**Work request:**
Look in the material below for the line holding "Alex Jones is". Set it down exactly, with each later line up to and including the line holding "eggs on a board".

**Task inputs:**
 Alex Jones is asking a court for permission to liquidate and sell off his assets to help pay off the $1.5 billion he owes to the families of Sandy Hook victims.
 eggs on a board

...

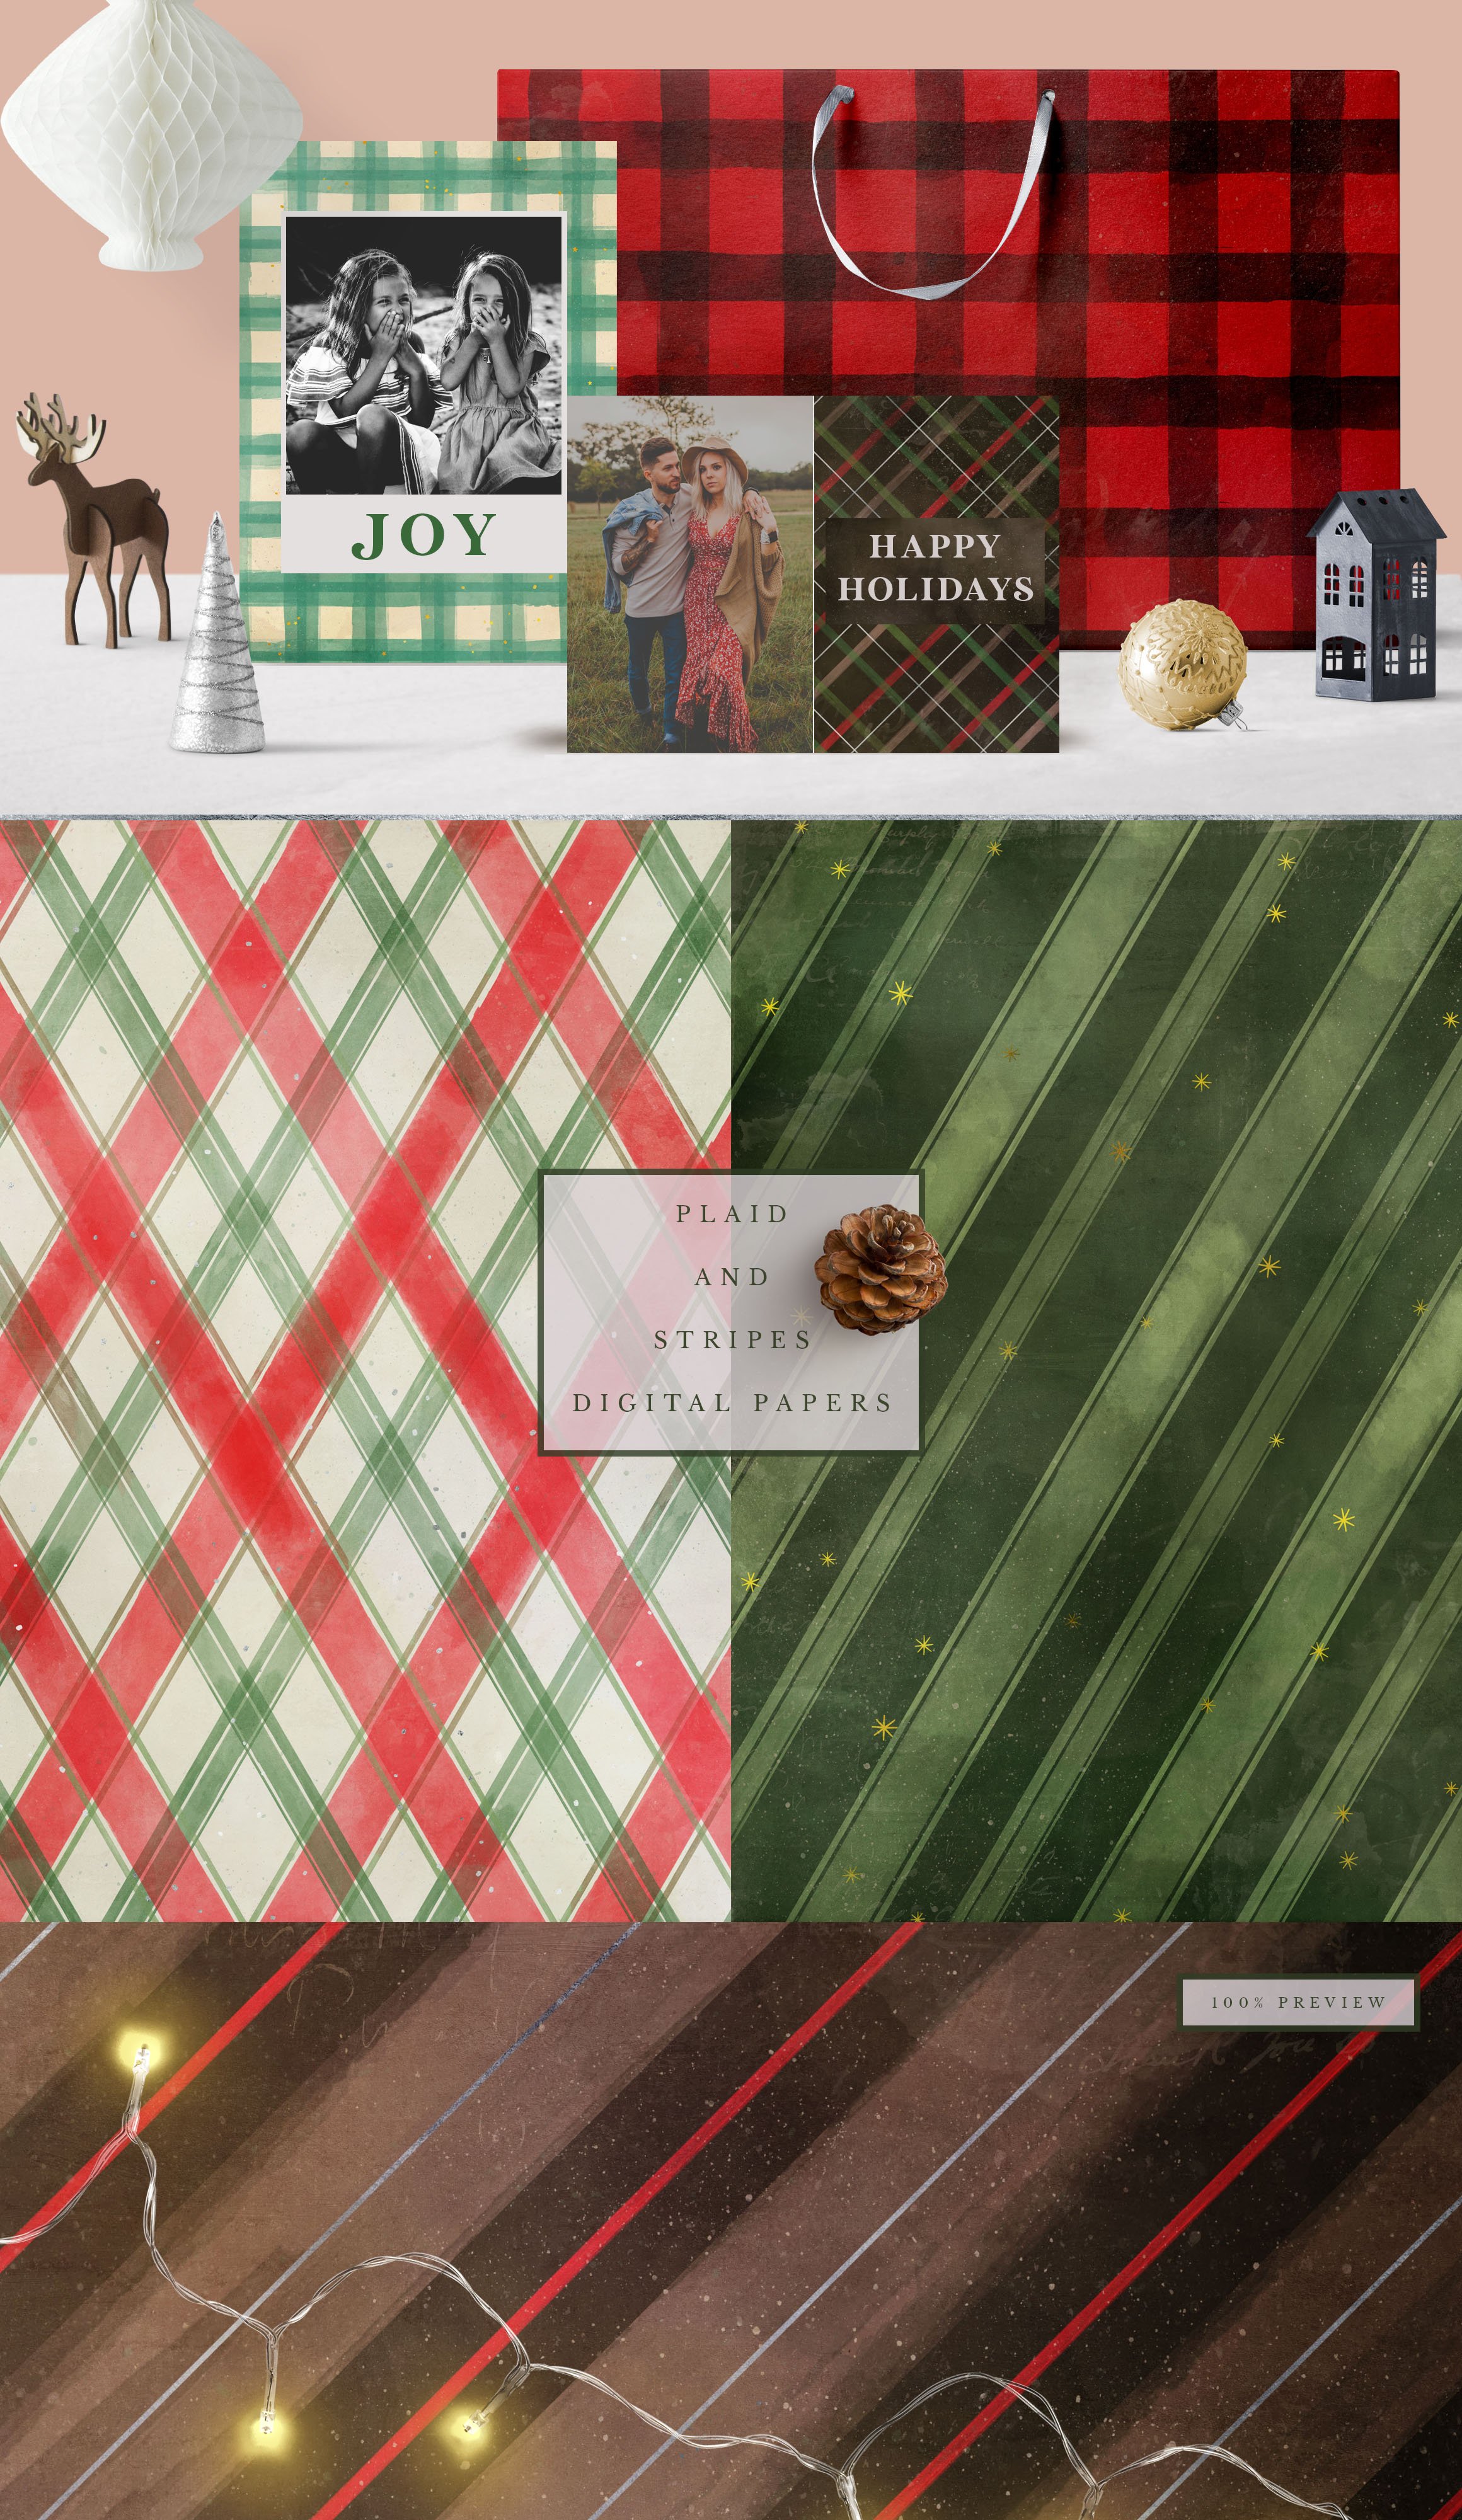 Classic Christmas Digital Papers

...

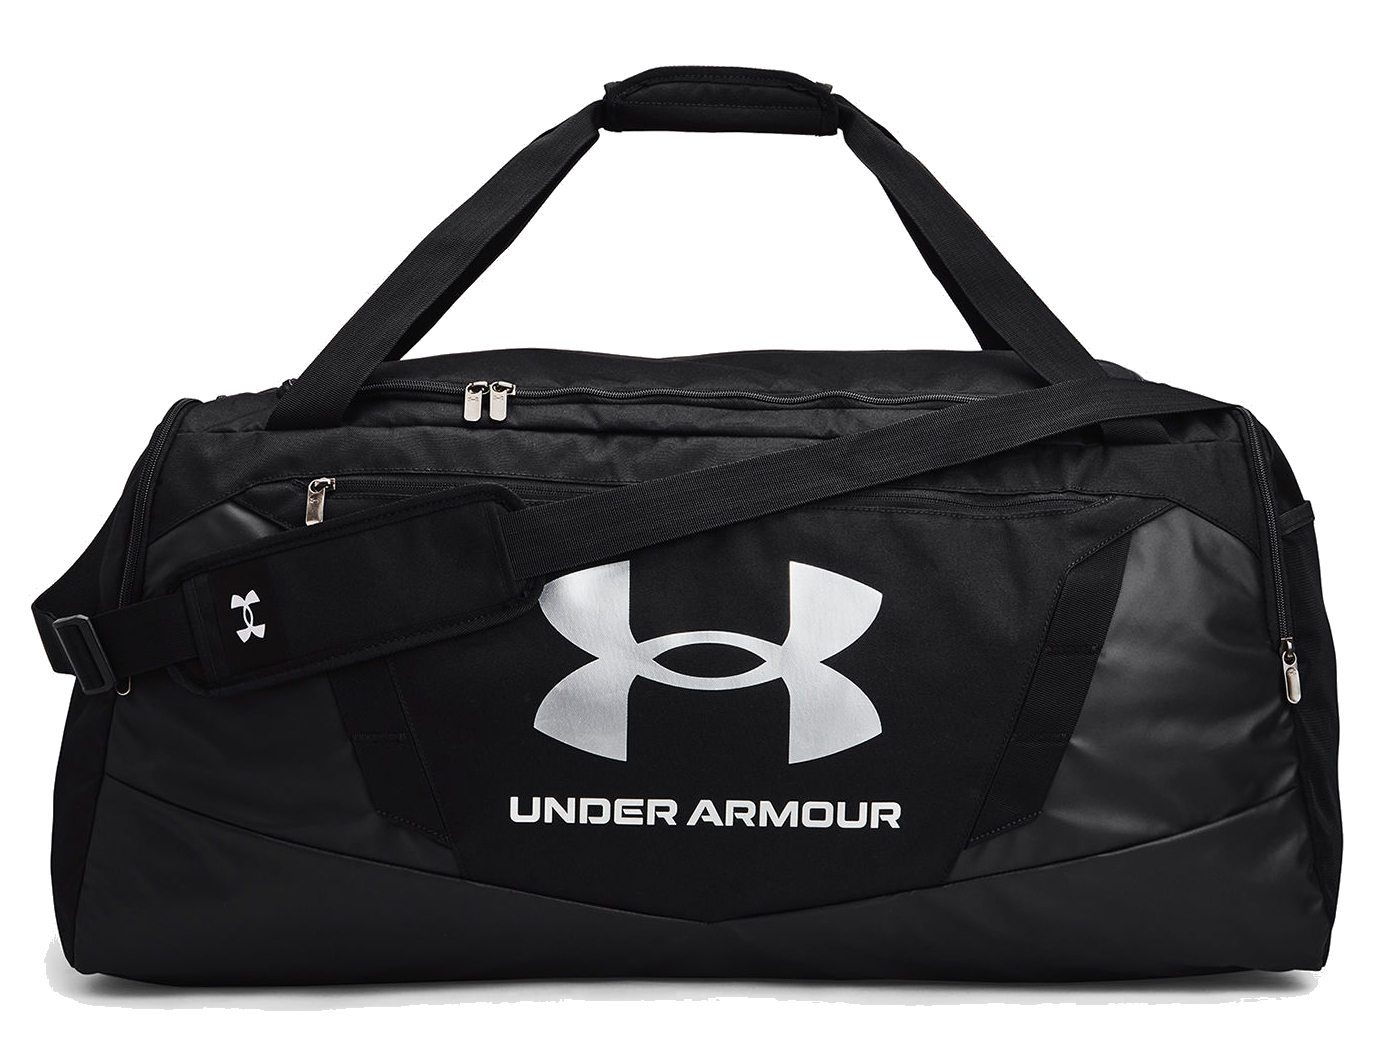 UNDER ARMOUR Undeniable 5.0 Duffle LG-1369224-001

**Response to the exercise:**
 Alex Jones is asking a court for permission to liquidate and sell off his assets to help pay off the $1.5 billion he owes to the families of Sandy Hook victims.
 eggs on a board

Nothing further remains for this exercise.